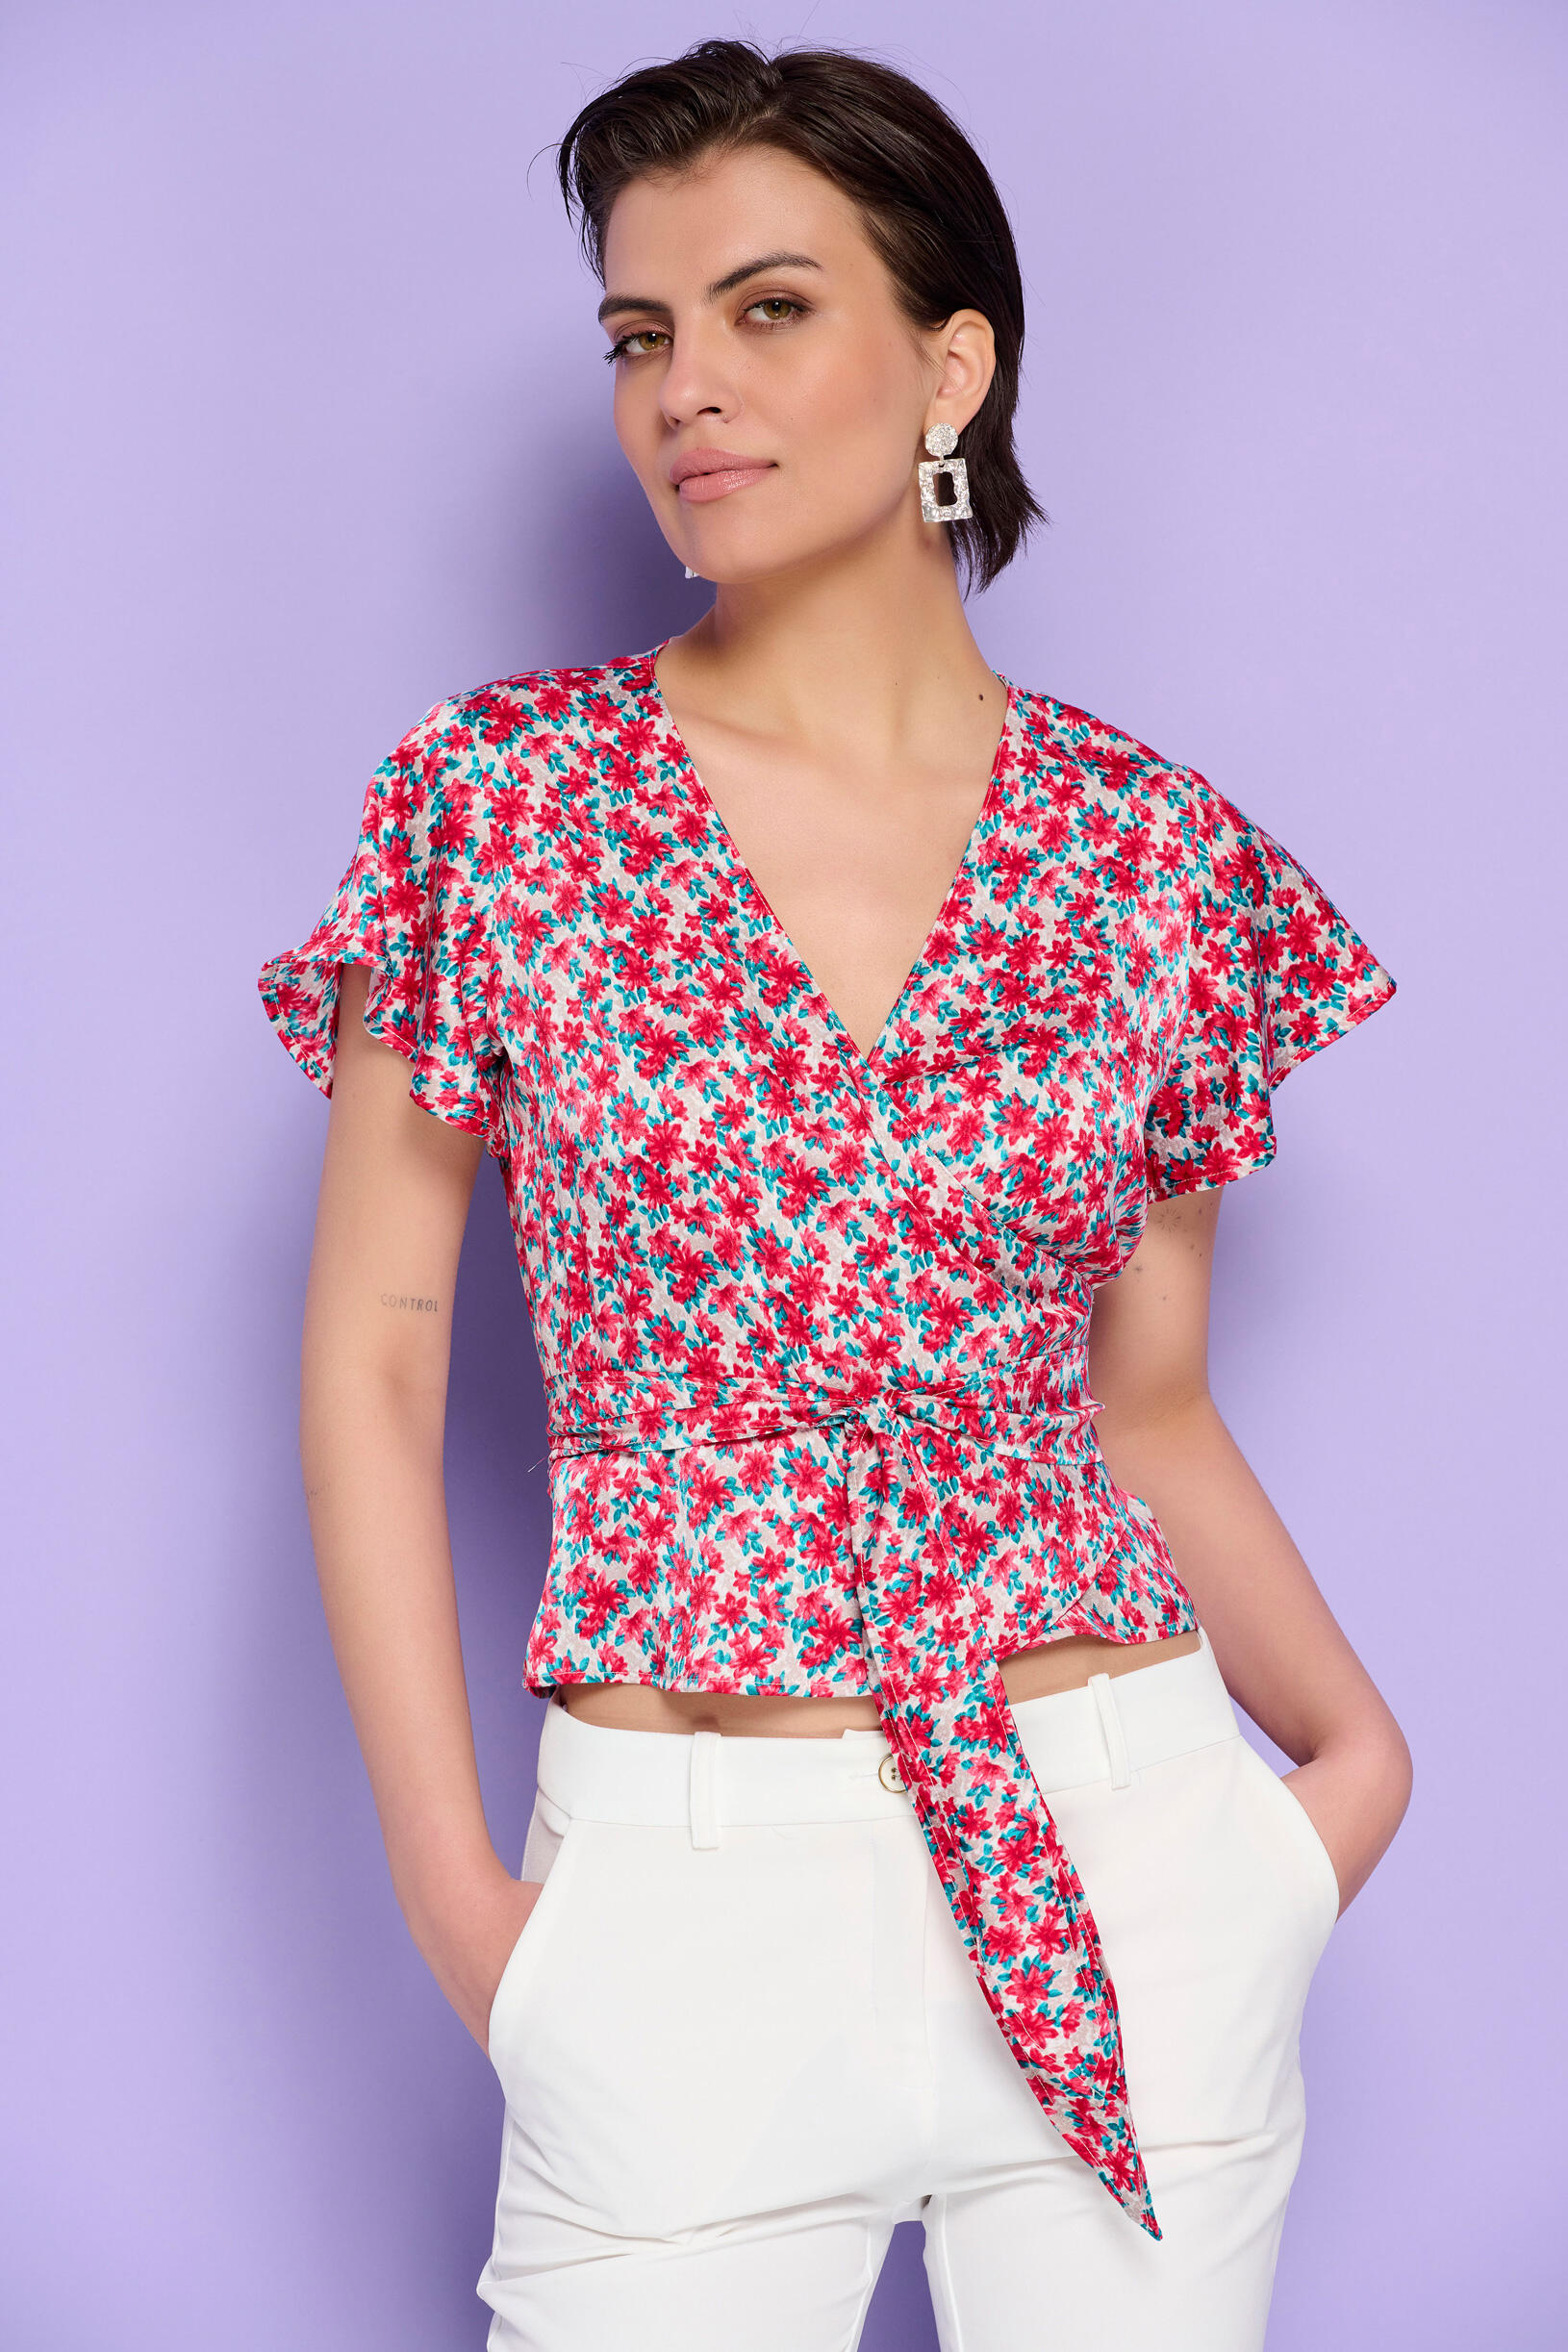 Μπλούζα κρουαζέ με floral μοτίβο | Γυναικεία Ρούχα Bill Cost
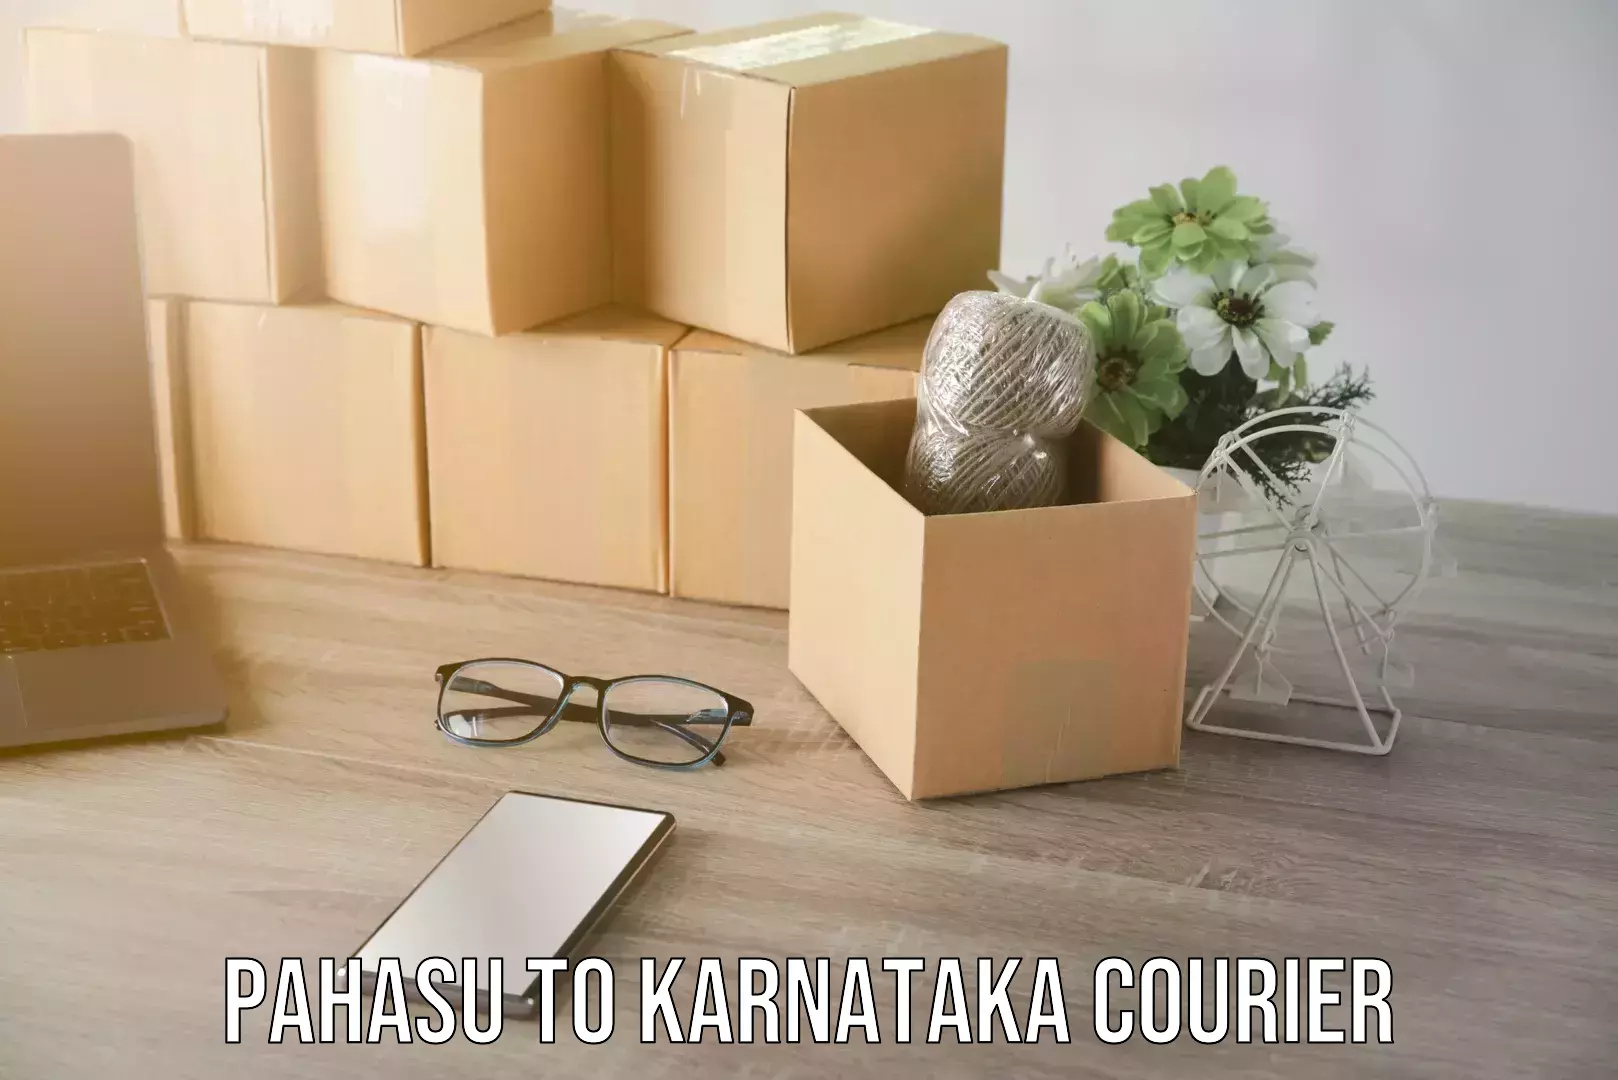 Reliable movers Pahasu to Karnataka
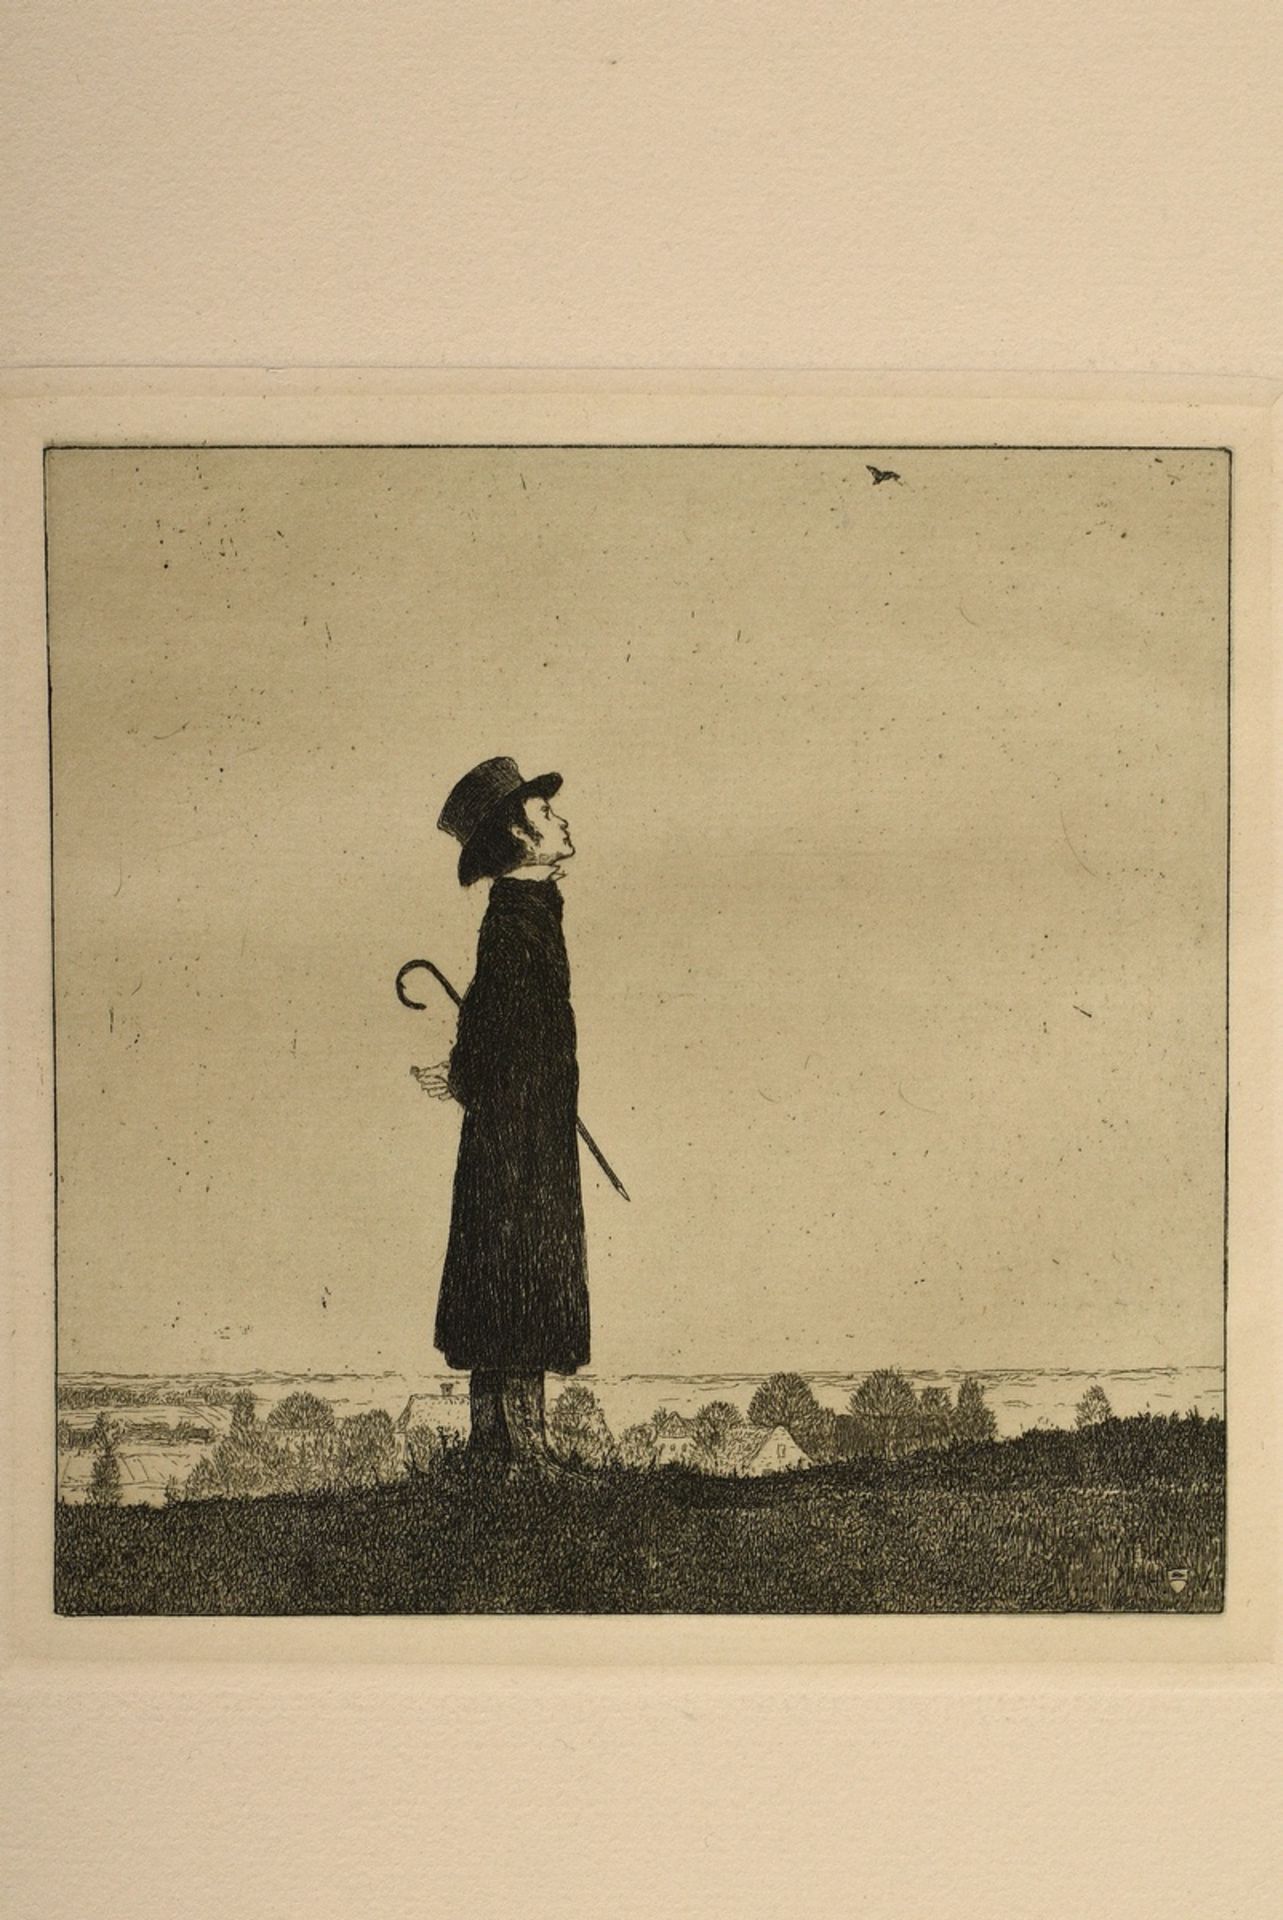 Vogeler, Heinrich (1872-1942) "An den Frühling" 1899/1901, portfolio with 10 etchings and prelimina - Image 21 of 25

**GOAL OF THE EXERCISE:**
Your reply must match the data above line for line, except that it holds no pictures.

**RESULT OF THE EXERCISE:**
 Μπλούζα κρουαζέ με floral μοτίβο | Γυναικεία Ρούχα Bill Cost
 Reliable movers Pahasu to Karnataka
 Vogeler, Heinrich (1872-1942) "An den Frühling" 1899/1901, portfolio with 10 etchings and prelimina - Image 21 of 25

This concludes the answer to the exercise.